In a recent BMJ blog Steve Ruffenach made some excellent points on the importance of balancing “accept” and “except” in approaching “Tech” in medicine.
However, as we continue to feel the pressure of realizing “meaningful use” of electronic medical records (often with attendant requirements for documentation, reporting, and ad-nauseam clicks of different buttons in each patient’s chart), I’ve been intrigued by growing evidence suggesting we need rather to focus on “wise use.”
Some seem to feel that the more systems (usually supported by “tech”) that we implement in medicine, the better and safer our patient care will be . . . but I am not so sure:
• Just this month, a study in the Journal of the American Board of Family Medicine documented an association between implementation of a web based patient portal and increased patient phone calls to the office. So much for using web based platforms to streamline patient communication.

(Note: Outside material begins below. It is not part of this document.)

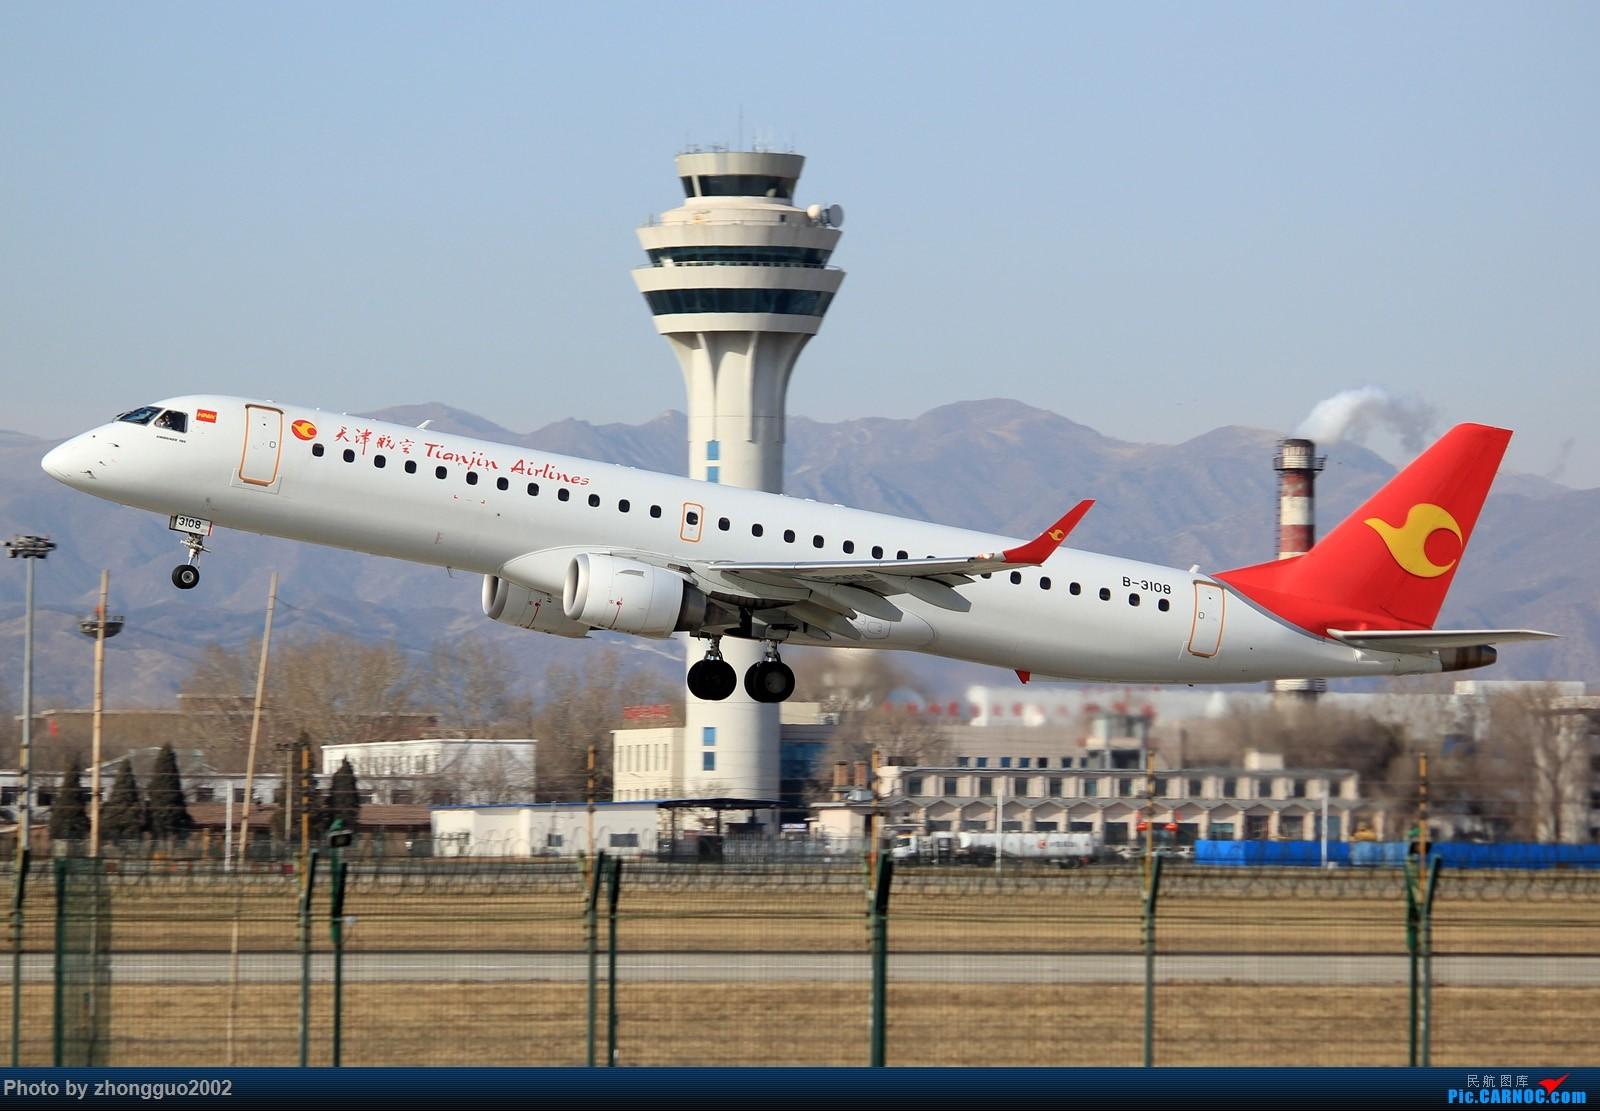 Re:[原创]久违---呼和浩特 EMBRAER E-195 B-3108 中国呼和浩特白塔国际机场
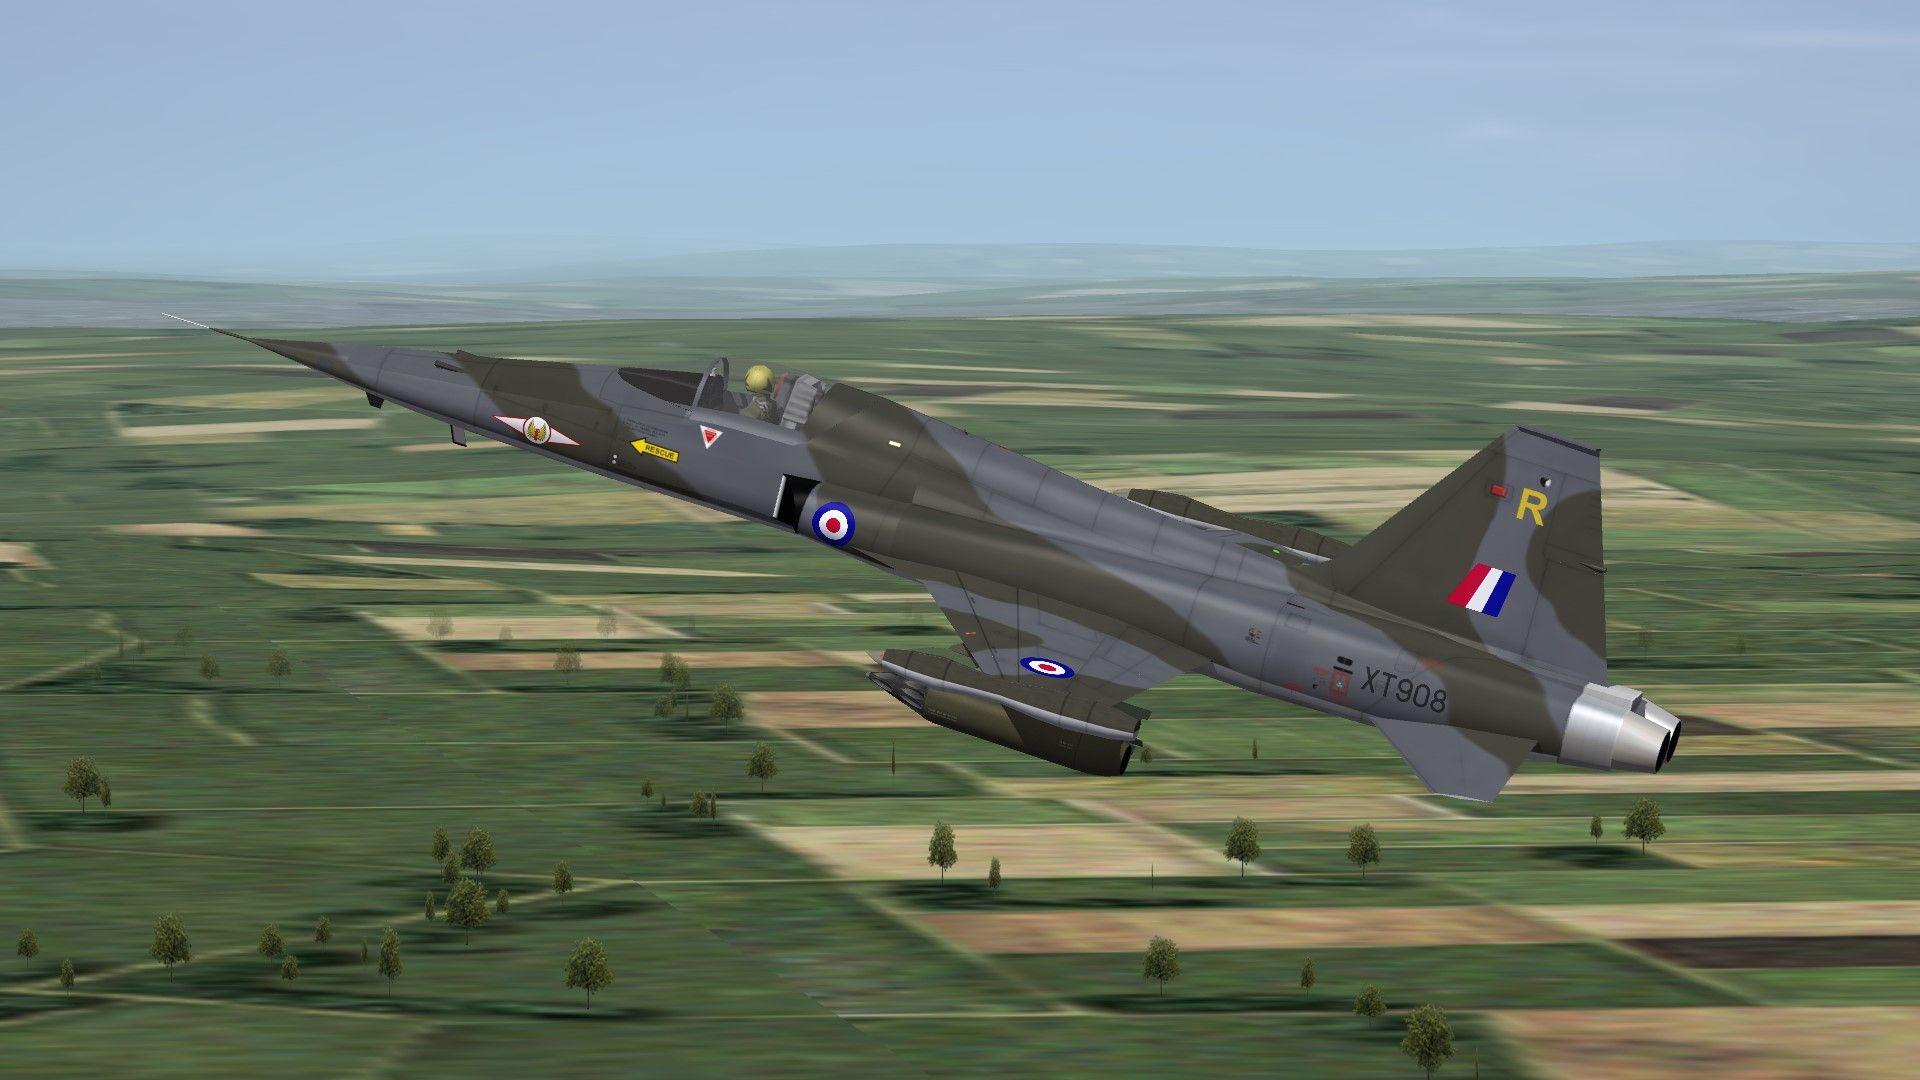 RAFF-5KFREEDOMFIGHTER02_zps44ae32d7.jpg

• Another study earlier this summer in the Annals of Family Medicine found that asking patients to address their “Quality of Life Goals” in pre-visit paper questionnaires (no electronics here) led to reduced expressions of physician empathy during the office visit.
• And when it comes to the process of care itself, a Cochrane review found that opportunistic risk assessment and case finding of cardiovascular disease (CVD) and associated risk factors may be associated with the same reduction in all-cause and cardiovascular mortality as systematic screening. All those “preventive” outreaches may not prevent much after all.
I’ve posted before my thoughts on whether we are “getting too systematic for our own good”—and these bits of evidence shed more light on the picture. We need to be attentive to those instances in which efforts to systematize healthcare not only seem to add no benefit (as may be the case with CVD screening), but may in fact lead to poorer patient care (quality of life questionnaires?), or unwittingly add to our already heavy workload (patient portals).
Systems have their place, but that place is not everywhere. We need to think clearly, study carefully, and implement wisely those systems that may help improve care—and learn to abandon those that add nothing or make things worse.
William E Cayley Jr practices at the Augusta Family Medicine Clinic; teaches at the Eau Claire Family Medicine Residency; and is a professor at the University of Wisconsin, Department of Family Medicine.
Competing interests: “I declare that I have read and understood BMJ policy on declaration of interests and I have no relevant interests to declare.”